Был немолодой уже содержатель одного из флорентийских ресторанов, который подсел к нам и с грустью заговорил о том, что в Россию ему никогда уже не вернуться.

– Да и стоит ли? Мы теперь уже не нужны друг другу. Ни я ей, ни она мне. Отвыкли друг от друга. Скучать, конечно, скучаю, но возвращаться… И не примут, и делать мне у вас теперь нечего. Здесь у меня семья, никаких особых планов на жизнь я уже не строю, к Италии привык, хоть не все мне здесь по душе. – Он вздохнул, потер ладонями лицо. – Приходите завтра, я вам что-нибудь русское сделаю – борщ со сметаной, блины…

А в маленьком городке Ивреа, недалеко от Турина, на фабрике пишущих машинок Оливетти (о ней речь будет особая) нас сопровождала немолодая и очень словоохотливая дама, имя и отчество которой я сейчас забыл. Фабрика сама по себе, конечно, очень интересна, но дама восторгалась и захлебывалась с таким усердием, что мы, слушая ее, невольно начинали подвергать сомнению все, что она говорила. Рабочие, мол, и массу денег зарабатывают, и каждый свою машину имеет, а если не машину, то мотороллер, и квартиры у них отдельные («вот и у меня две комнаты, кухня, ванная, а в Москве, я видела, все еще по углам жмутся…»), и рабочая столовая здесь лучшая в Италии, и сам Оливетти такой бессребреник, всем раздает деньги, а сам в стареньком пальтишке ходит.

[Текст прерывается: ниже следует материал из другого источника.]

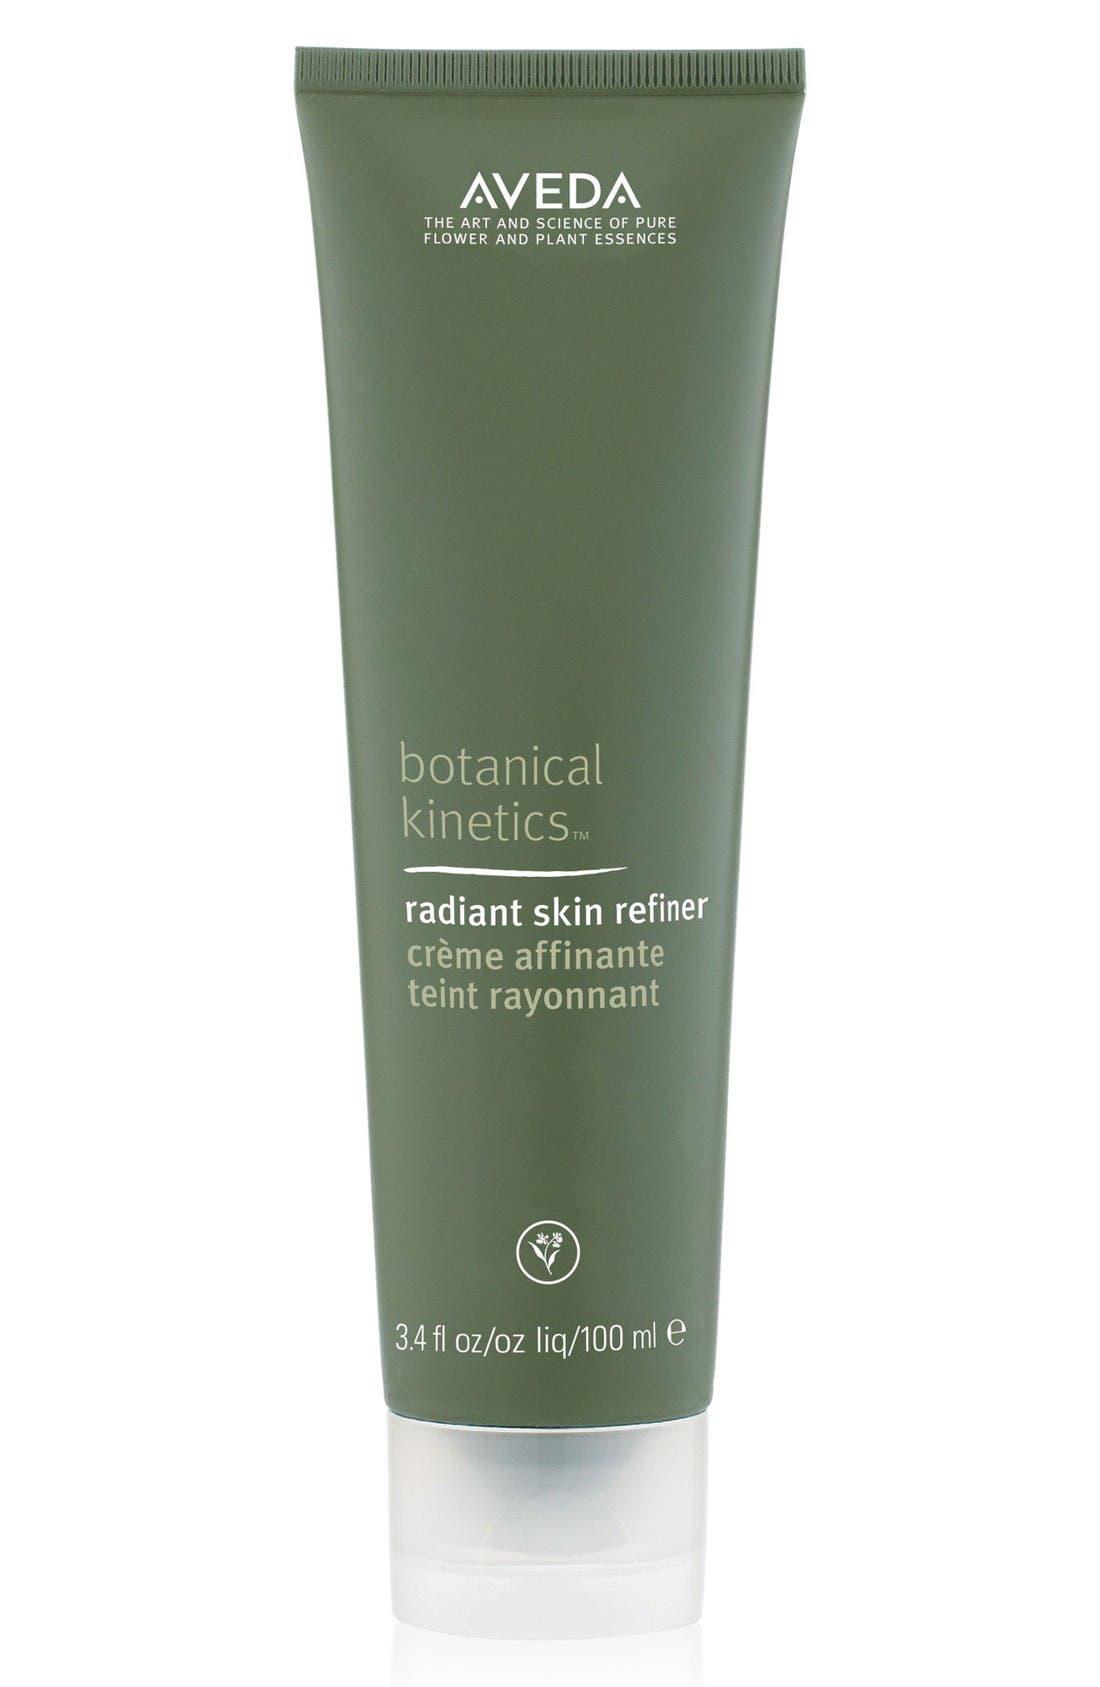 Aveda botanical kinetics™ Radiant Skin Refiner

Во всем этом, возможно, и была доля истины – не знаю, проверить то, что нам говорили, мы не могли, а фабрика, со стороны действительно поражает своим благоустройством и рациональностью, – но когда обо всем этом говорится с таким неумеренным восторгом, невольно закрадывается сомнение.

Попутно о нас самих. Не напоминаем ли мы иногда эту самую даму, когда показываем иностранцам свои достопримечательности? Мне вспоминается скорбный взгляд итальянского писателя Карло Леви, когда три года тому назад в Киеве я спросил его, как ему понравилось Московское метро.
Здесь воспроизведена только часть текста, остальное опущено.